═══ PROVIDED RECORDS

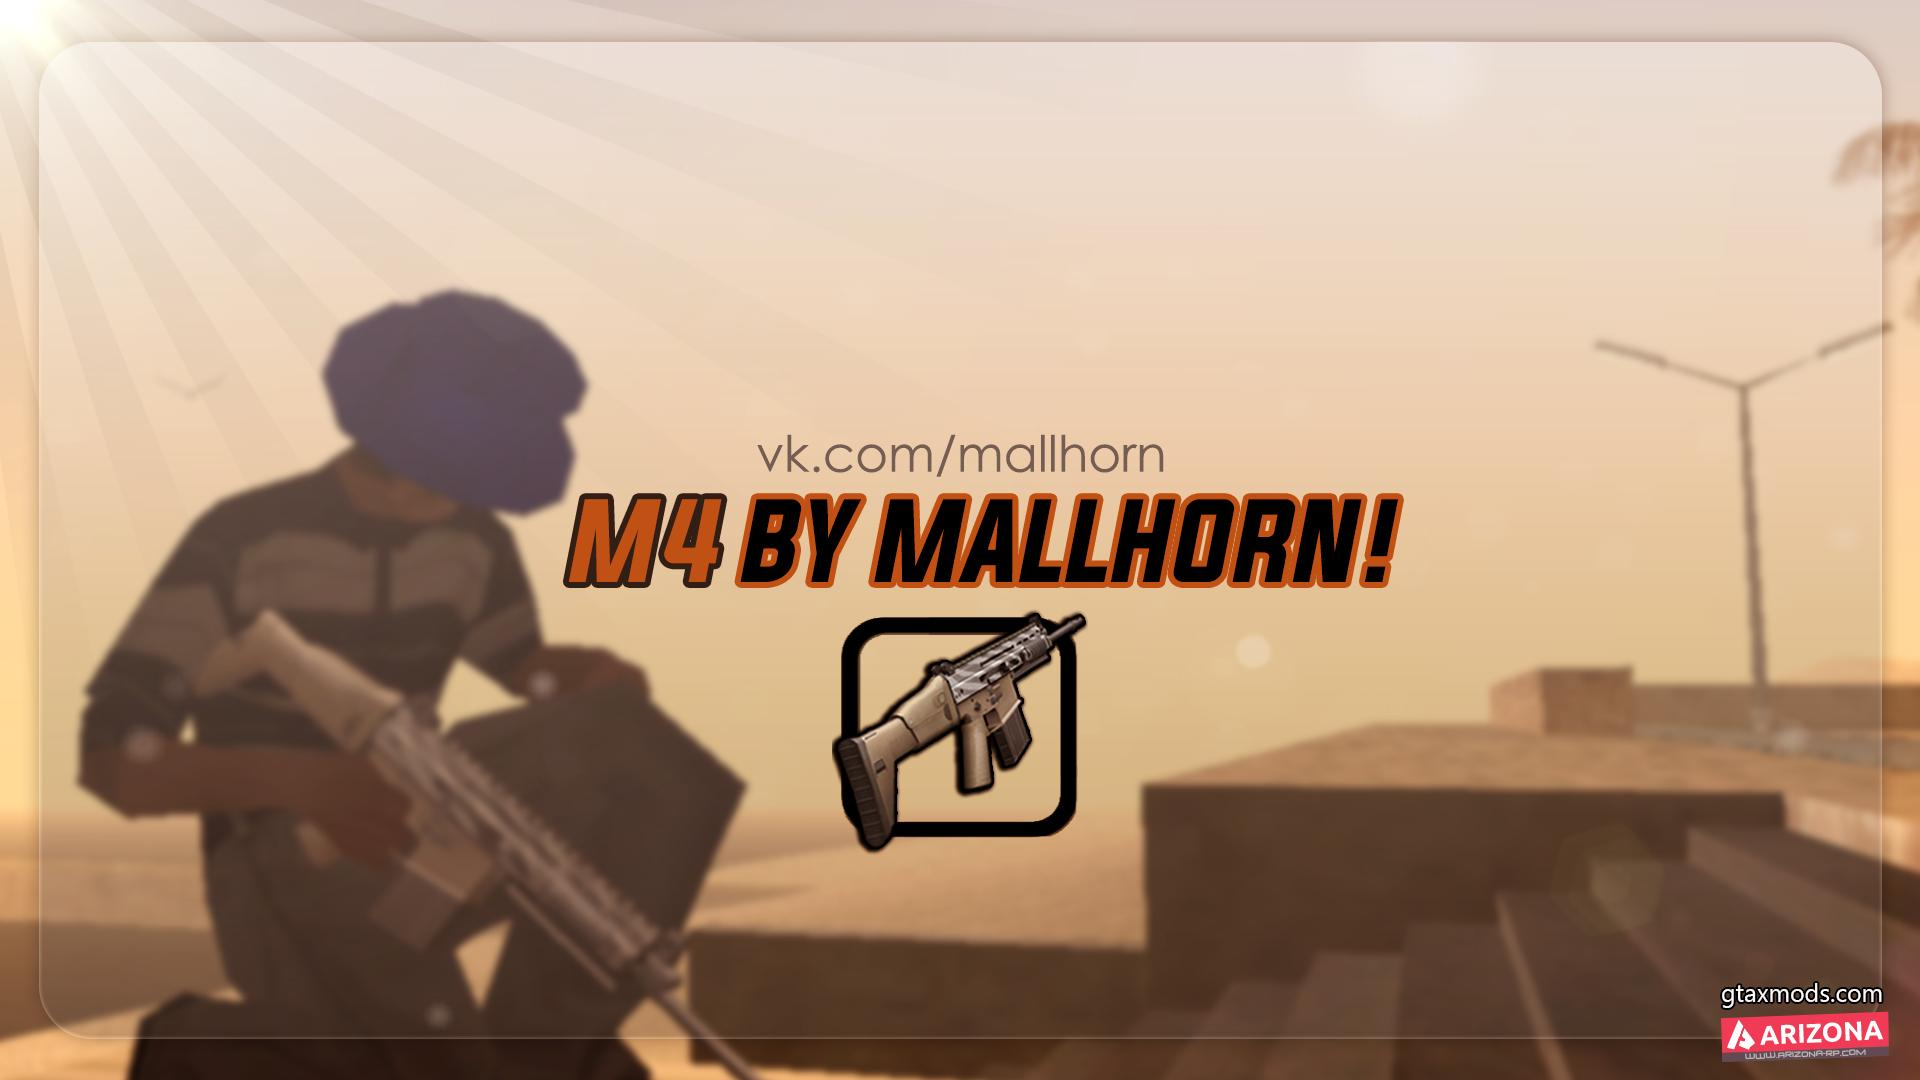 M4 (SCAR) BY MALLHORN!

══════
═══ PROVIDED RECORDS

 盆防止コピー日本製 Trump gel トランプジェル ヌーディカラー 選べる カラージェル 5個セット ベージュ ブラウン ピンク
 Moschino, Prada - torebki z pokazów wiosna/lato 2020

══════

* WORK ITEM
Each line above from the one with "盆防止コピー日本製 Trump gel" up to and including the one with "Moschino, Prada - torebki" must be set down exactly, and no line outside that span may appear.

* SOLUTION TO THIS PROBLEM
 盆防止コピー日本製 Trump gel トランプジェル ヌーディカラー 選べる カラージェル 5個セット ベージュ ブラウン ピンク
 Moschino, Prada - torebki z pokazów wiosna/lato 2020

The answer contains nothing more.